If the new disease of ginger rot is continuously controlled by a control method similar to ginger distemper, the treatment effect is poor, so that the method can accurately detect the rot pathogen of ginger in time at the early stage of seed ginger screening or disease infection, and has important significance for controlling disease occurrence, avoiding disease epidemic risk and improving the yield and economic benefit of ginger.
Disclosure of Invention
In view of the above, the application provides an LAMP primer group and an LAMP kit for detecting the pathogen of ginger rot and application thereof, which can simply and efficiently detect the pathogen of Jiang Fulan at birth, and have good specificity and high sensitivity.
In order to achieve the above purpose, the embodiment of the invention adopts the following technical scheme:
the LAMP primer group for detecting ginger rot pathogen comprises a pair of outer primers F3 and B3 and a pair of inner primers FIP and BIP, wherein the sequences of the outer primers are as follows:
F3:5'-CAGGCCGTTCCAACTCTG-3';
B3:5'-AACGGGTGTATTTGGTCAGG-3';
the sequence of the inner primer is as follows:
FIP:5'-GTAACACCGGAGTCAACGGCAA-GCTGATAAGCCGCTGGTTG-3';
BIP:5'-ACGTGGCGGTACTGTTCAGTAC-TTCGCCGGATACATCTCGC-3'。
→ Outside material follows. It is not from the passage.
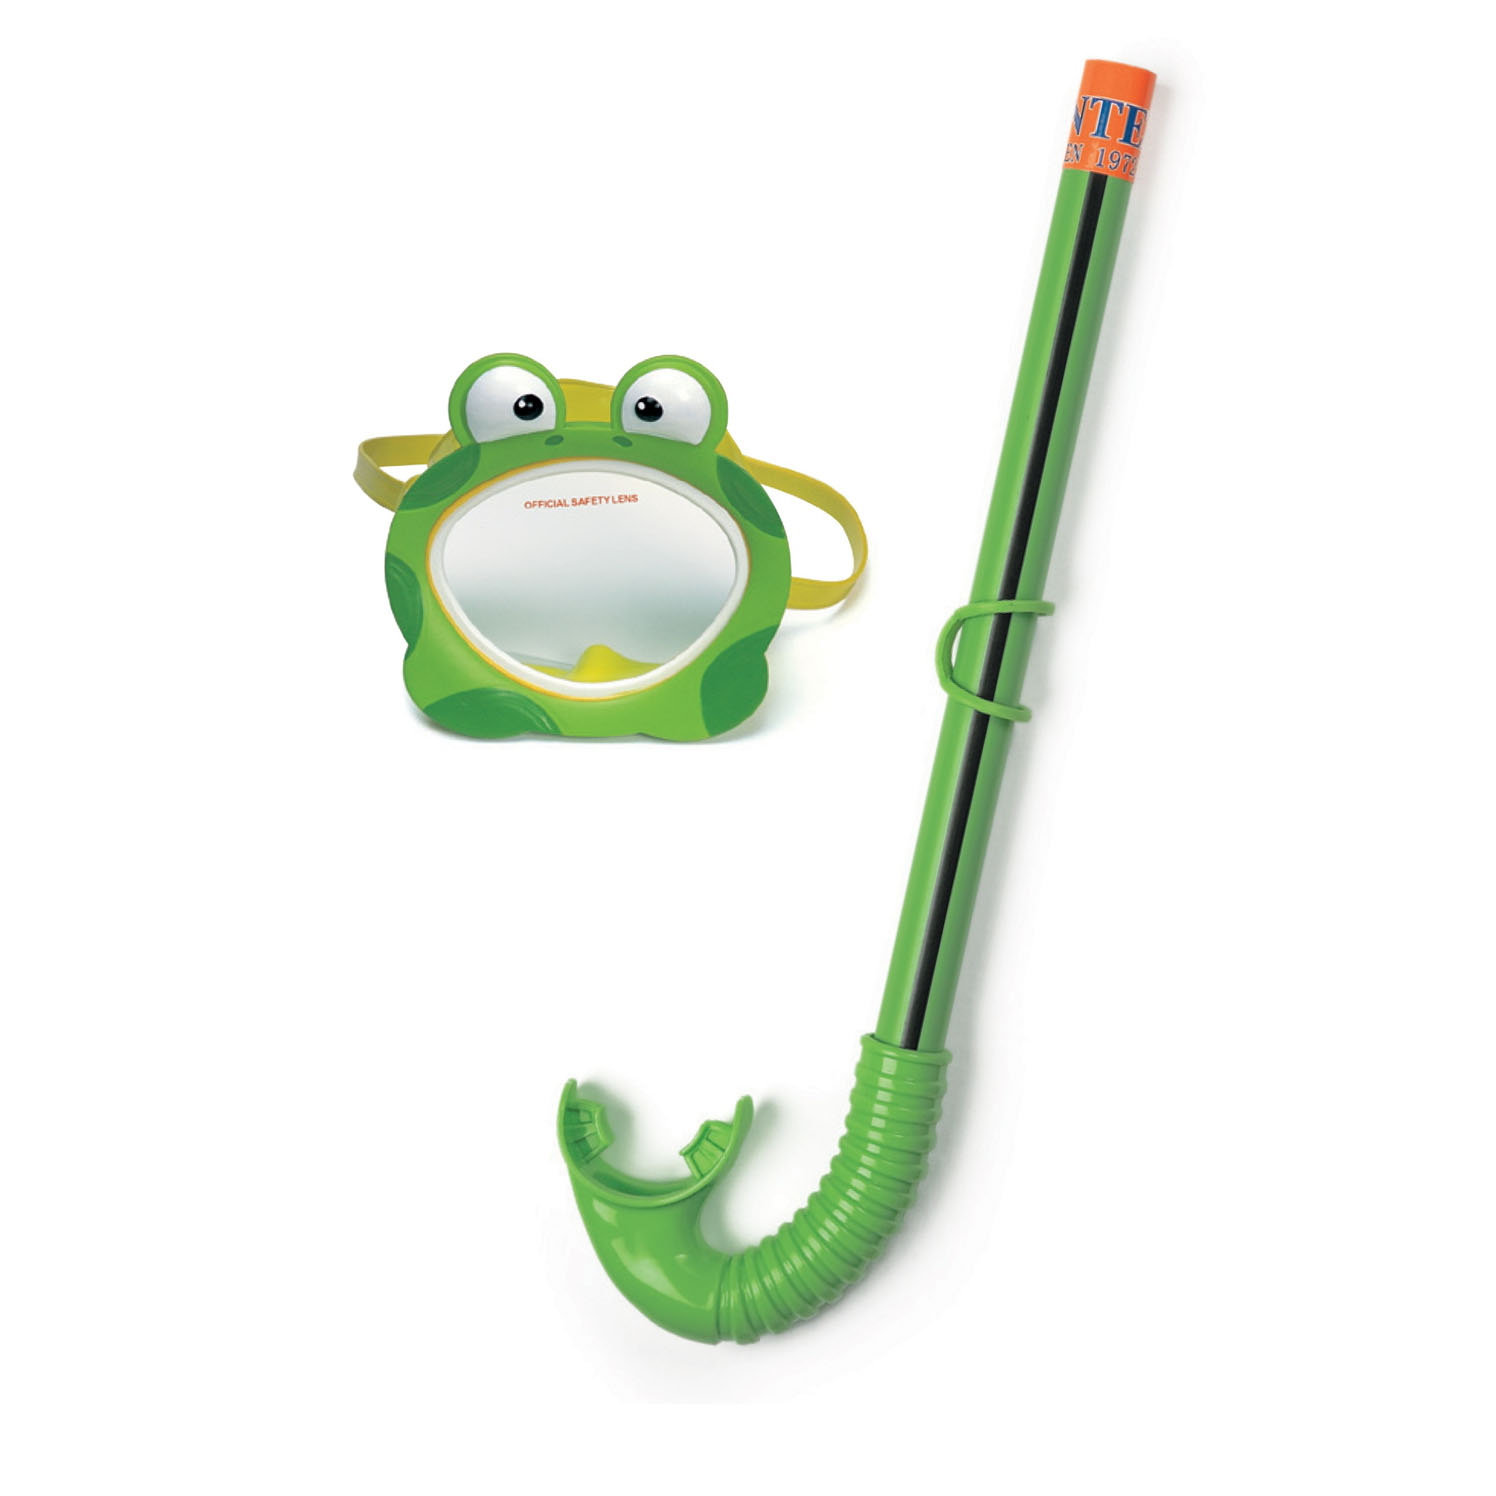 Маска и трубка для плаванья - Froggy Fun - ЛягушкаМаски, ласты, трубки для плавания<br>Маска и трубка для плаванья - Froggy Fun - Лягушка<br>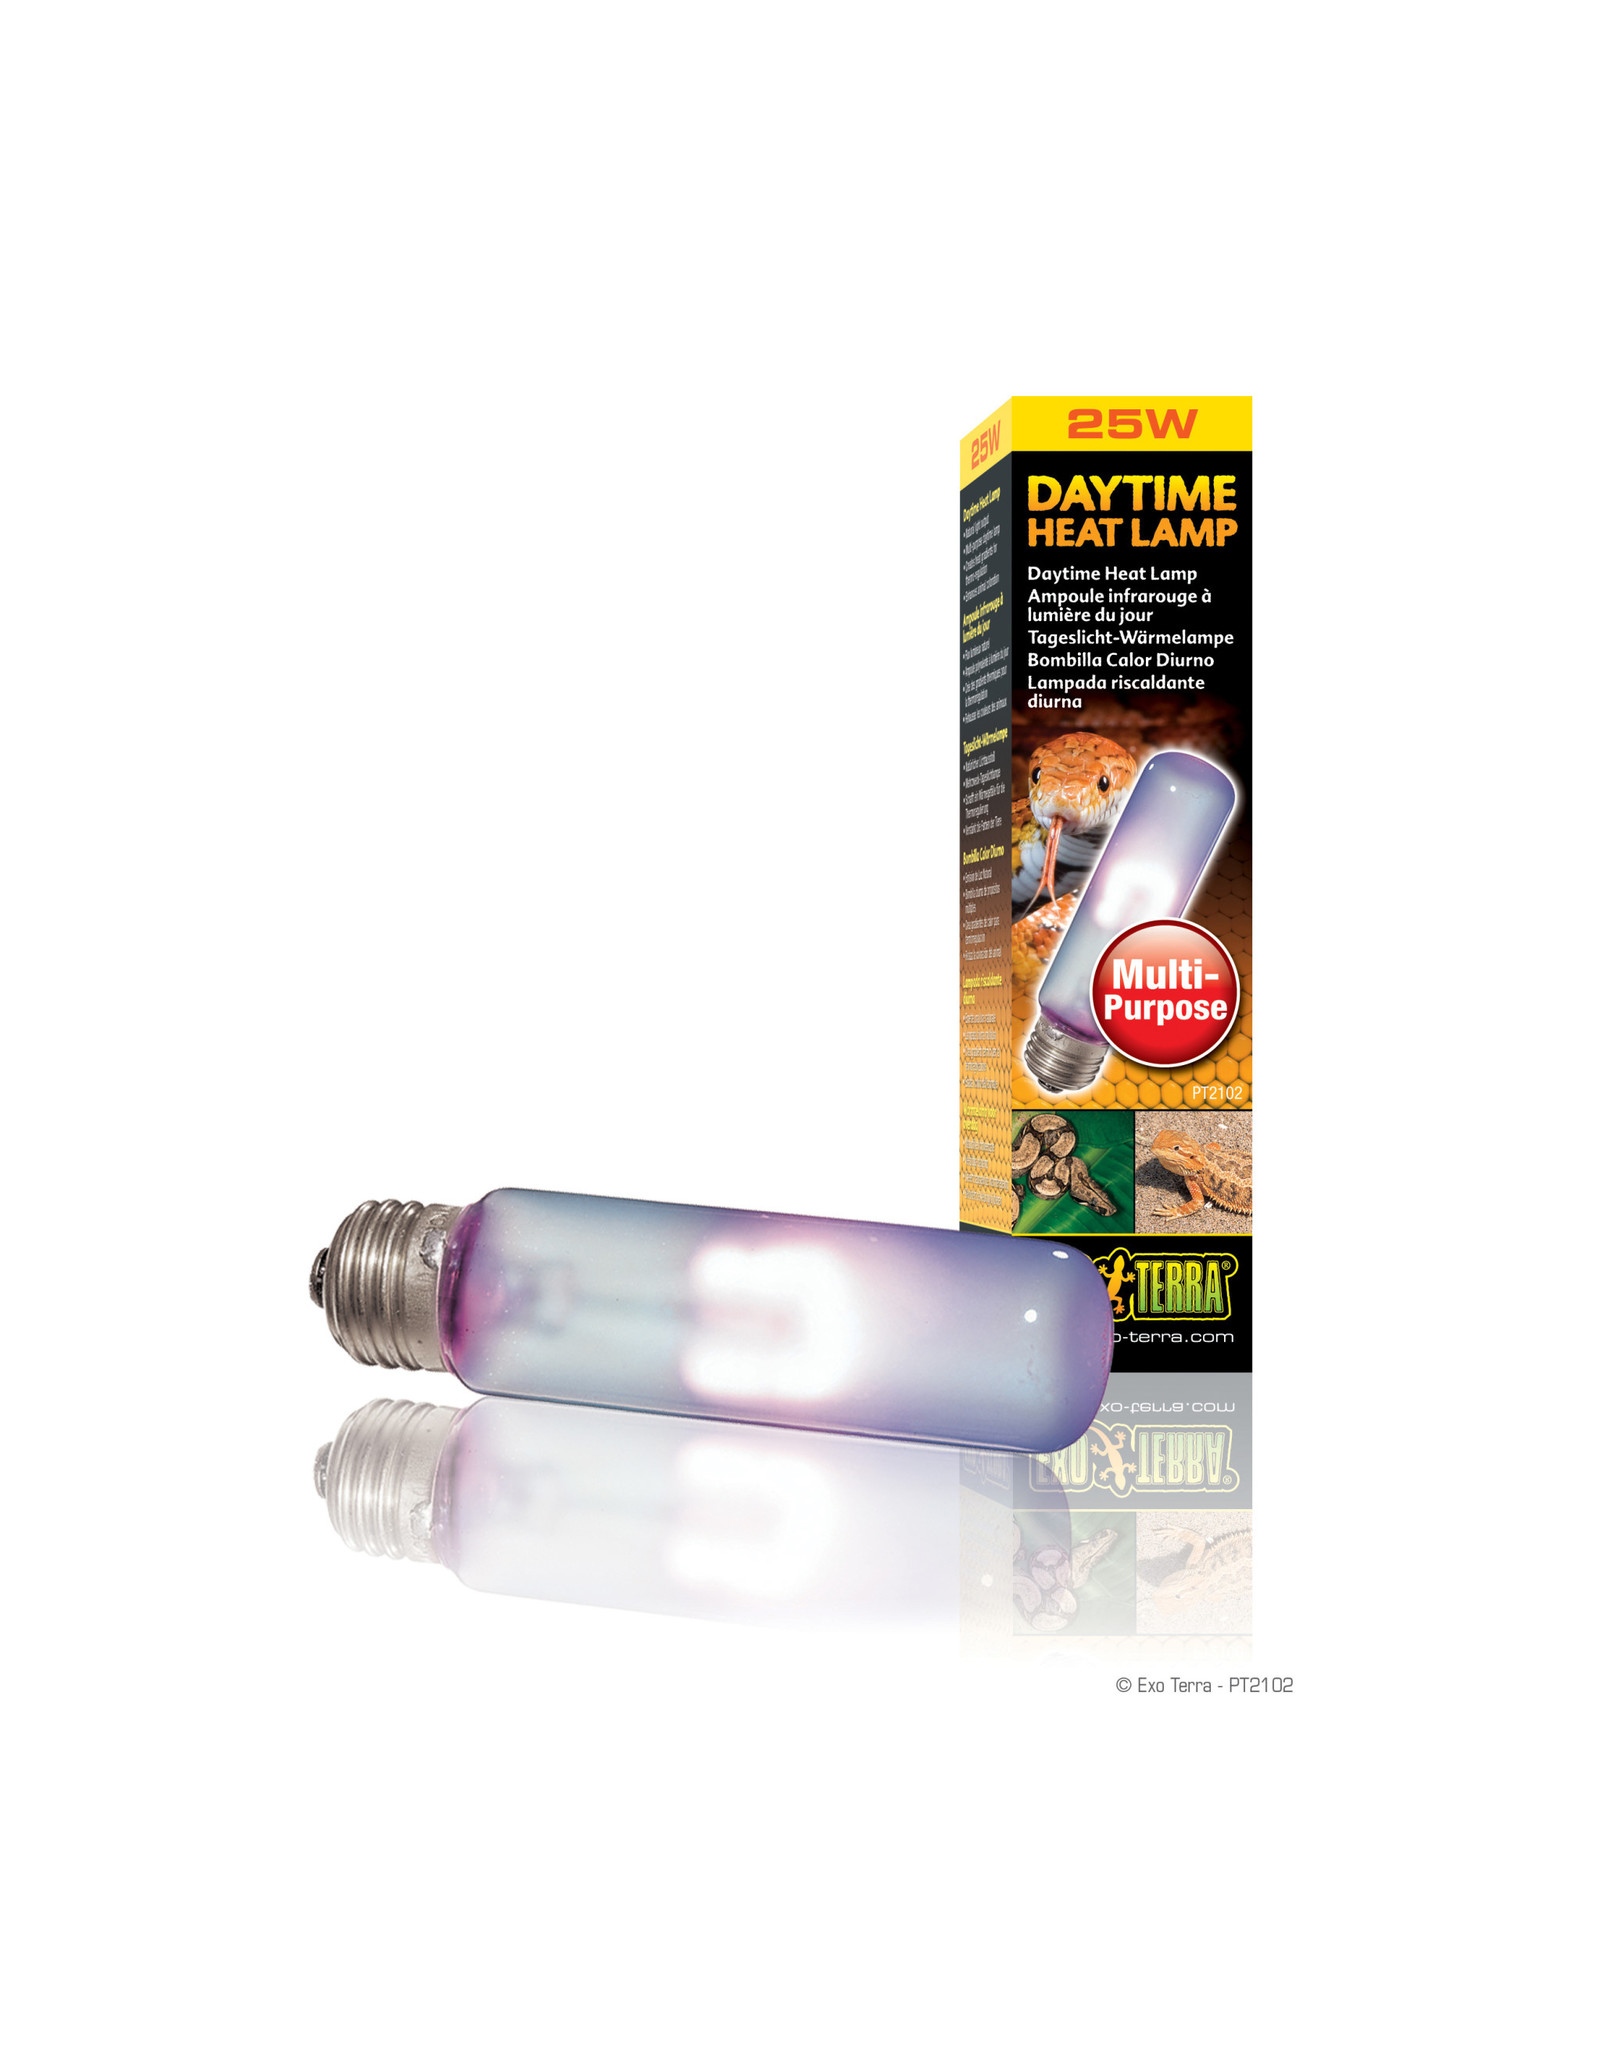 Exo Terra Daytime Heat Lamp T10/25W

compared with the prior art, the LAMP primer group for detecting the ginger rot pathogen has the following advantages:
the method is based on a specific primer ropB sequence of enterobacter, a pair of outer primers F3 and B3 and a pair of inner primers FIP and BIP are specifically designed, so that a to-be-detected object containing a ginger rot pathogen DNA fragment can be greatly amplified by using the primers, and further the ginger rot pathogen (enterobacter cloacae, enterobacter arvensis and citrobacter freundii) can be accurately detected, and the method has no cross amplification reaction with ginger fever pathogen such as bacterial wilt, cabbage soft rot pathogen such as European fungus, bacillus, rice bacterial leaf blight pathogen such as xanthomonas, potato black shank pathogen such as pectobacterium nigrum, cucumber angular spot pathogen such as pseudomonas syringae, escherichia coli, ginger flower skin pathogen such as Alternaria, ginger flower skin pathogen such as Fusarium oxysporum and wheat root rot such as navel and child, and has strong specificity; the LAMP primer group has high sensitivity, the minimum detection limit of the pathogen of the ginger rot is 10 fg/mu L, the pathogen of the ginger rot can be accurately detected in time at the early stage of seed ginger screening or disease infection, meanwhile, the detection accuracy is high, special instruments and special operators are not needed, the aim of rapidly detecting the pathogen of the ginger rot in any occasion is fulfilled, and the LAMP primer group has important significance in controlling the occurrence of the pathogen of the ginger rot, avoiding epidemic risks of the disease and improving the yield and economic benefit of the ginger.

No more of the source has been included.